* _AIM OF THE TASK_
Nothing but the pictures should be dropped; repeat the rest of the data below exactly.

* _RECORDED INFORMATION_
-- Opening Marker --

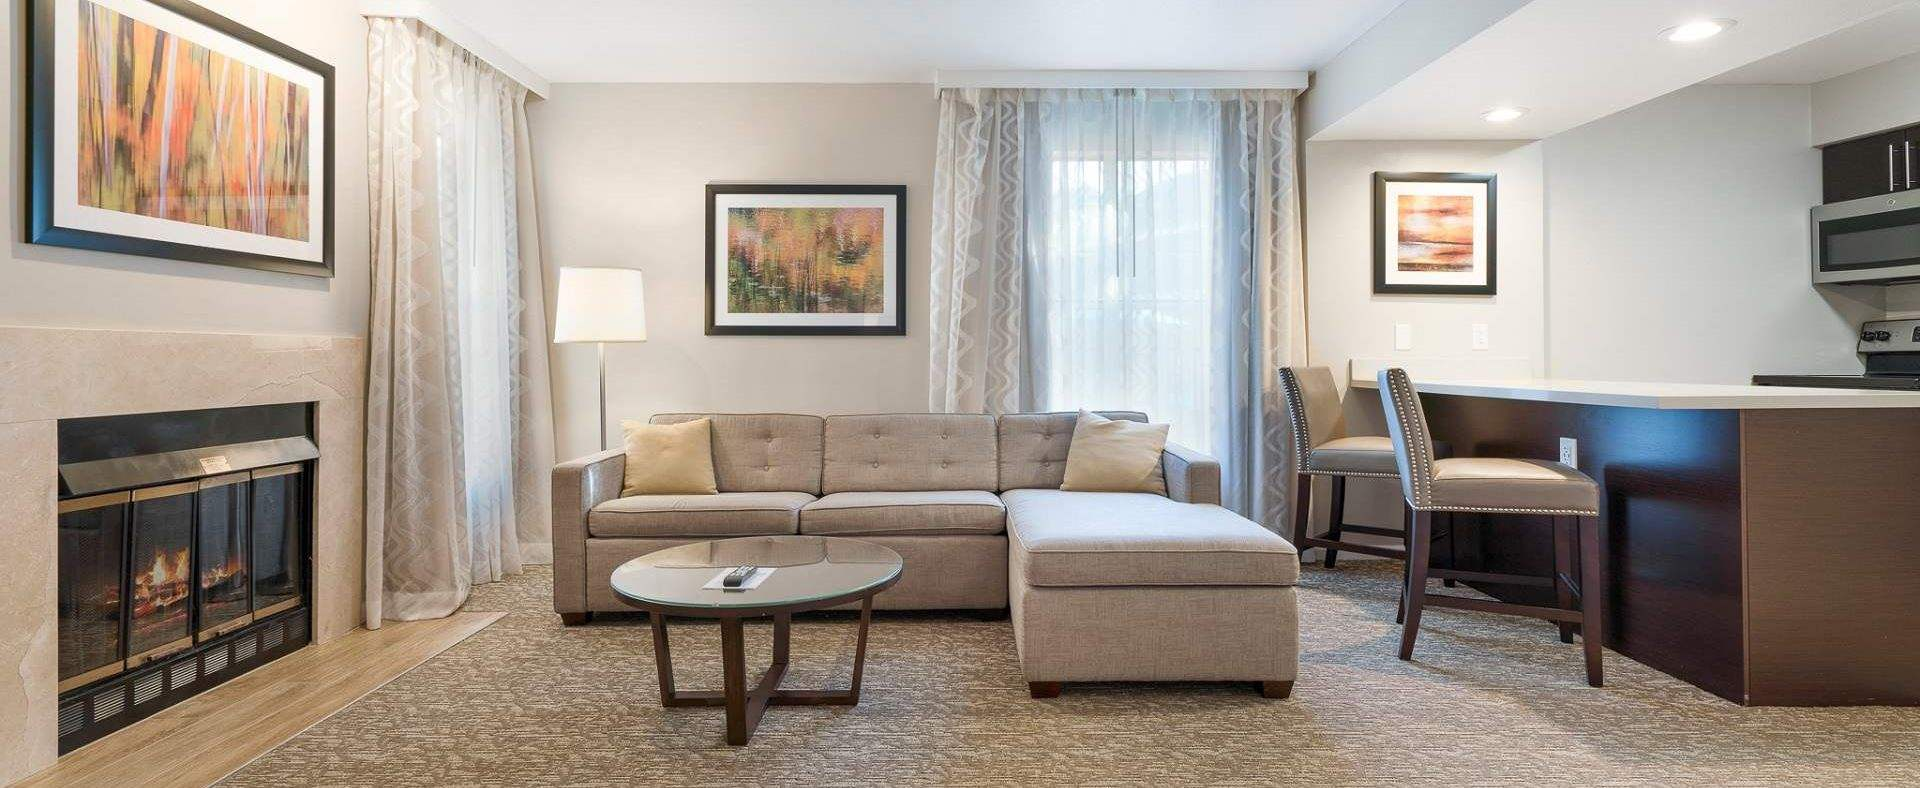 Chase Suite Hotel Newark California
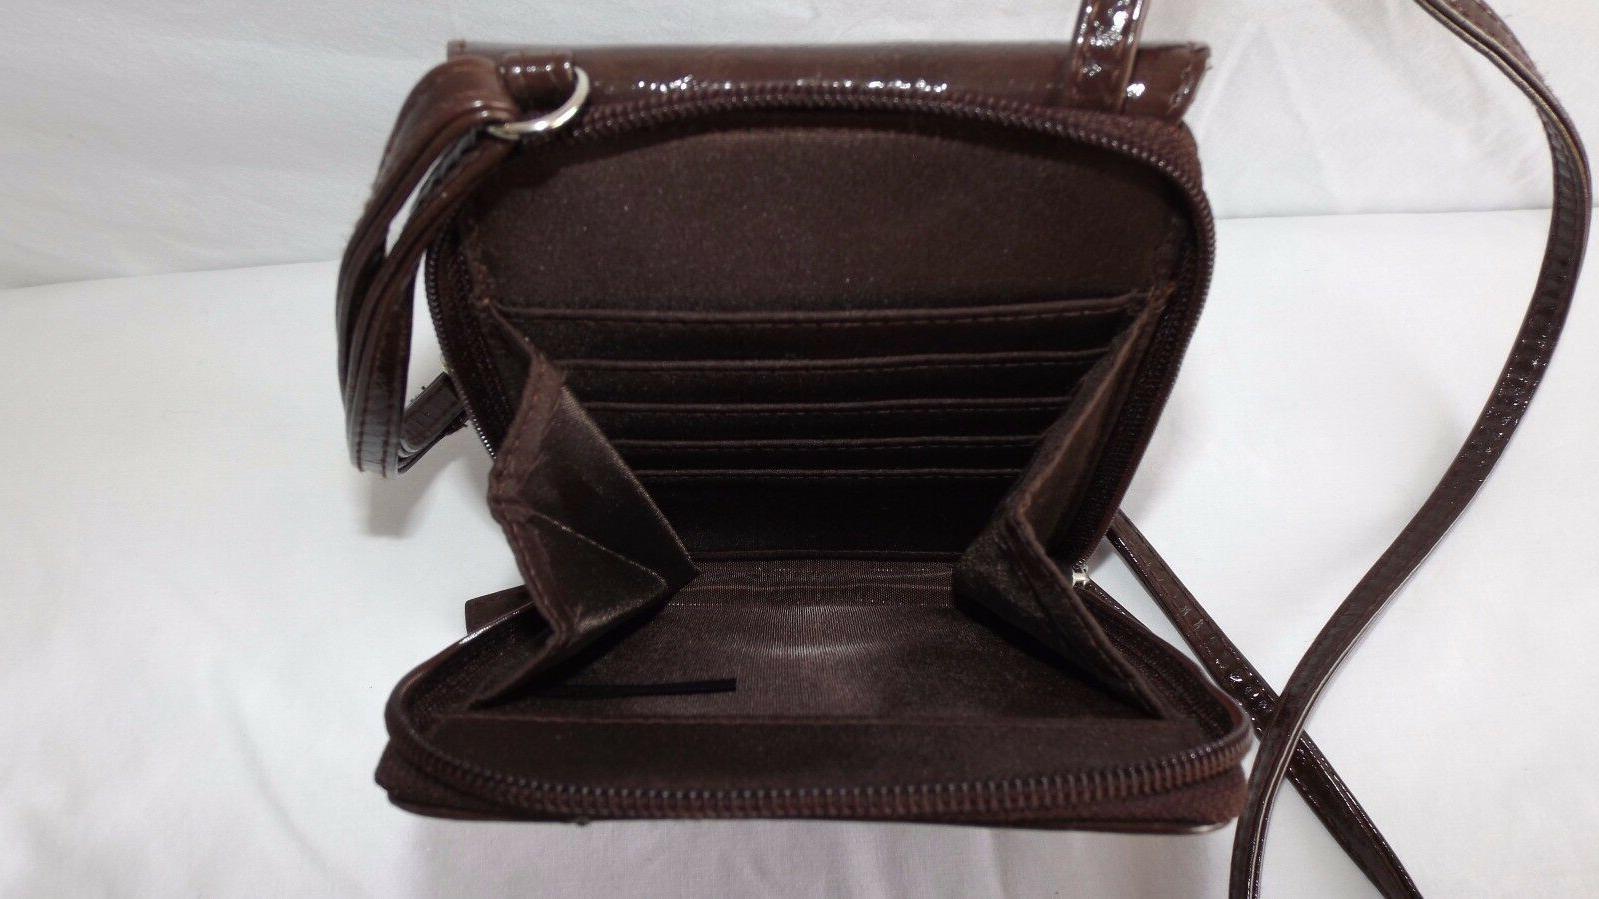 Mundi Body Bag, Patent Leather, NWOTS
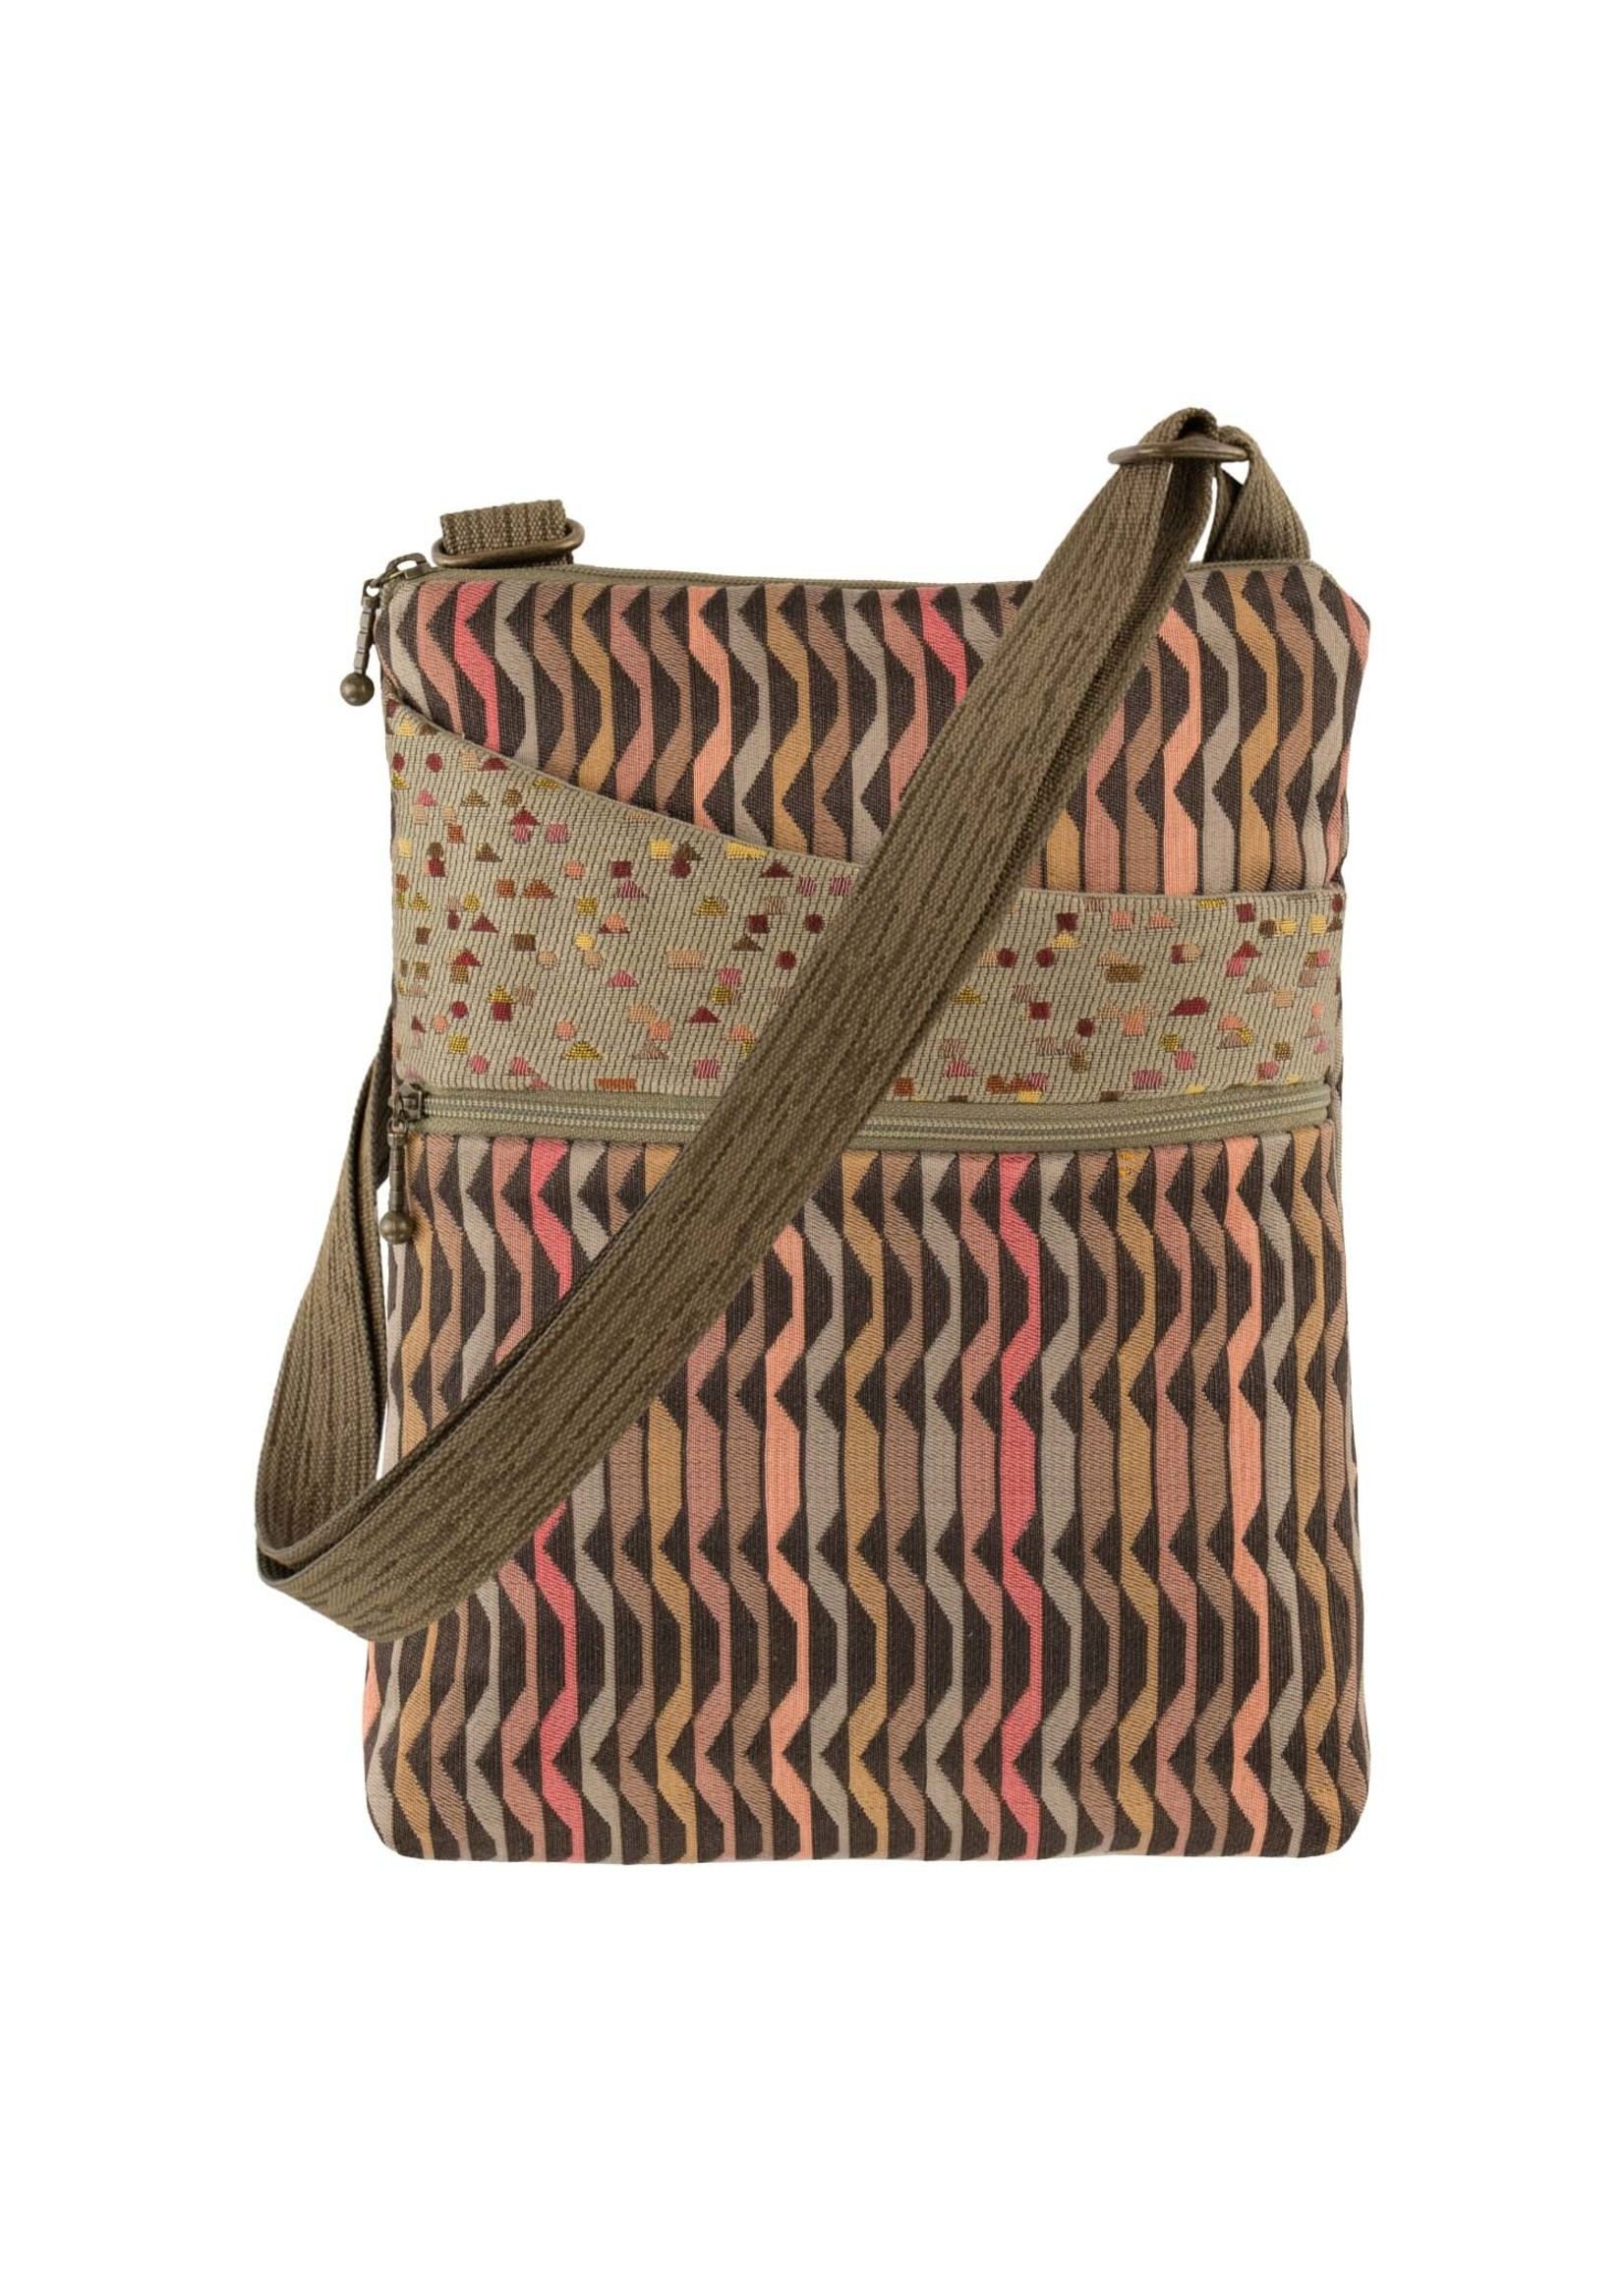 Maruca Pocket Bag SS21 Kites

-- Closing Marker --

* _SOLUTION_
 Chase Suite Hotel Newark California
 Mundi Body Bag, Patent Leather, NWOTS
 Maruca Pocket Bag SS21 Kites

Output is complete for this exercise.